Quebec MGAs called on to regroup their forcesBy Donna Glasgow | June 20 2011 06:06PM
|Rising regulatory pressures mean Quebec’s MGAs need to begin working together to rebuild an association for themselves or join CAILBA as a Quebec chapter, said panellists at The Insurance and Investments Convention on Nov. 9 in Montreal.|
During the summer of 2009, Quebec’s MGA organization, Association des cabinets gestionnaires de services financiers (ACGSF) disbanded due to a lack of interest from members.
Since then, increasing compliance demands have raised concerns throughout the distribution channel and have spurred the Canadian Association of Insurance Life brokerage Agencies (CAILBA) to take an increasingly active and visible role in representing its 50 members. However, only two of this association’s MGA members, Copoloff Insurance Agencies and Force financière Excel, are Quebec-based firms.
During a panel discussion at the convention, James McMahon, President and CEO of Force financière Excel, commented that the most important issues facing Quebec MGAs are of national significance, which means Quebec MGAs would benefit by working together with CAILBA. He suggested that they get together and form a Quebec chapter of CAILBA.
“I think we should have a CAILBA Quebec chapter. When we have problems in Quebec, we will resolve them. When we have problems at the national level, we will resolve them with CAILBA.”
CAILBA’s President, Peter Lamarche, also addressed the issue of Quebec participation in CAILBA. He welcomed the idea of a Quebec chapter. “I agree with my panel members that there are national issues with regulators and there are national issues with insurers. So, obviously if there were a Quebec association…we could put the two forces together and have a tremendous impact on regulators and insurers who are our partners.”
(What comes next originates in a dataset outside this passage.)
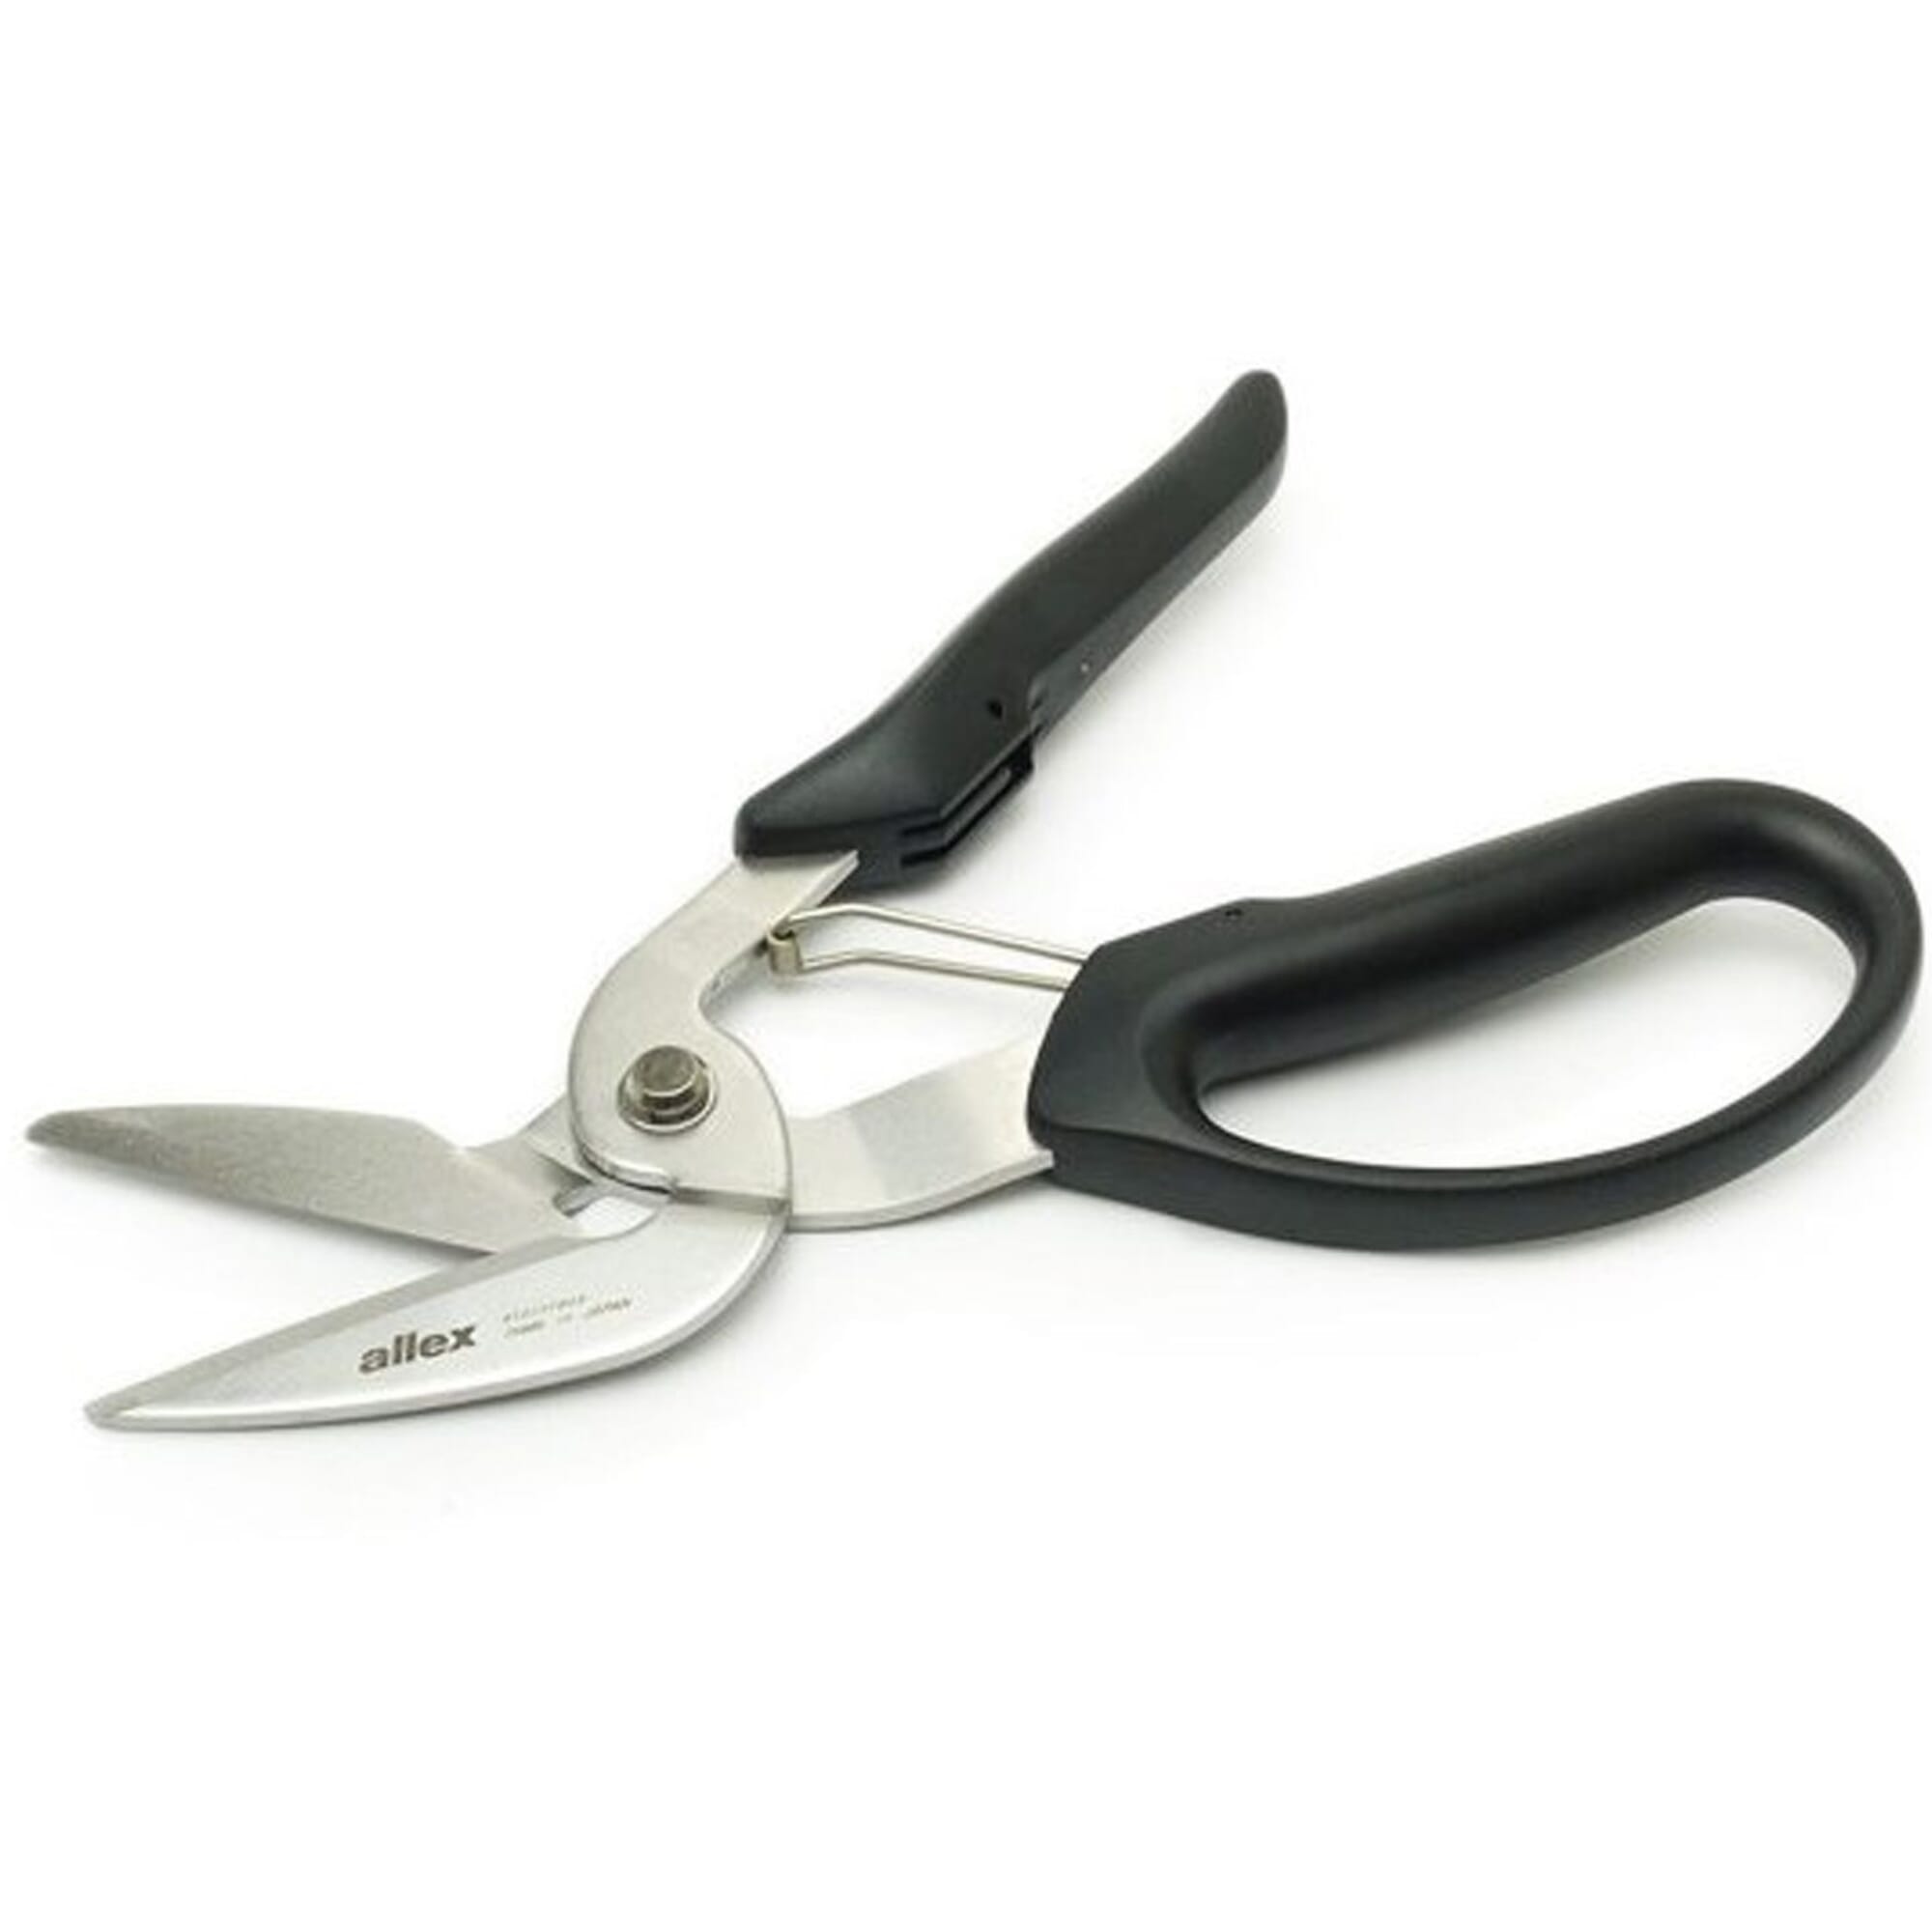 Allex Stainless Steel Scissors Black

Panellist Guy Duhaime, President of Groupe Financier Multi Courtage also called on Quebec MGAs to regroup, either by forming a new Quebec MGA association or a CAILBA chapter. He was one of the founders of the now defunct association, but he hopes that the province’s MGAs will realize that they need to have representation with regulators who are increasing compliance pressure on MGAs.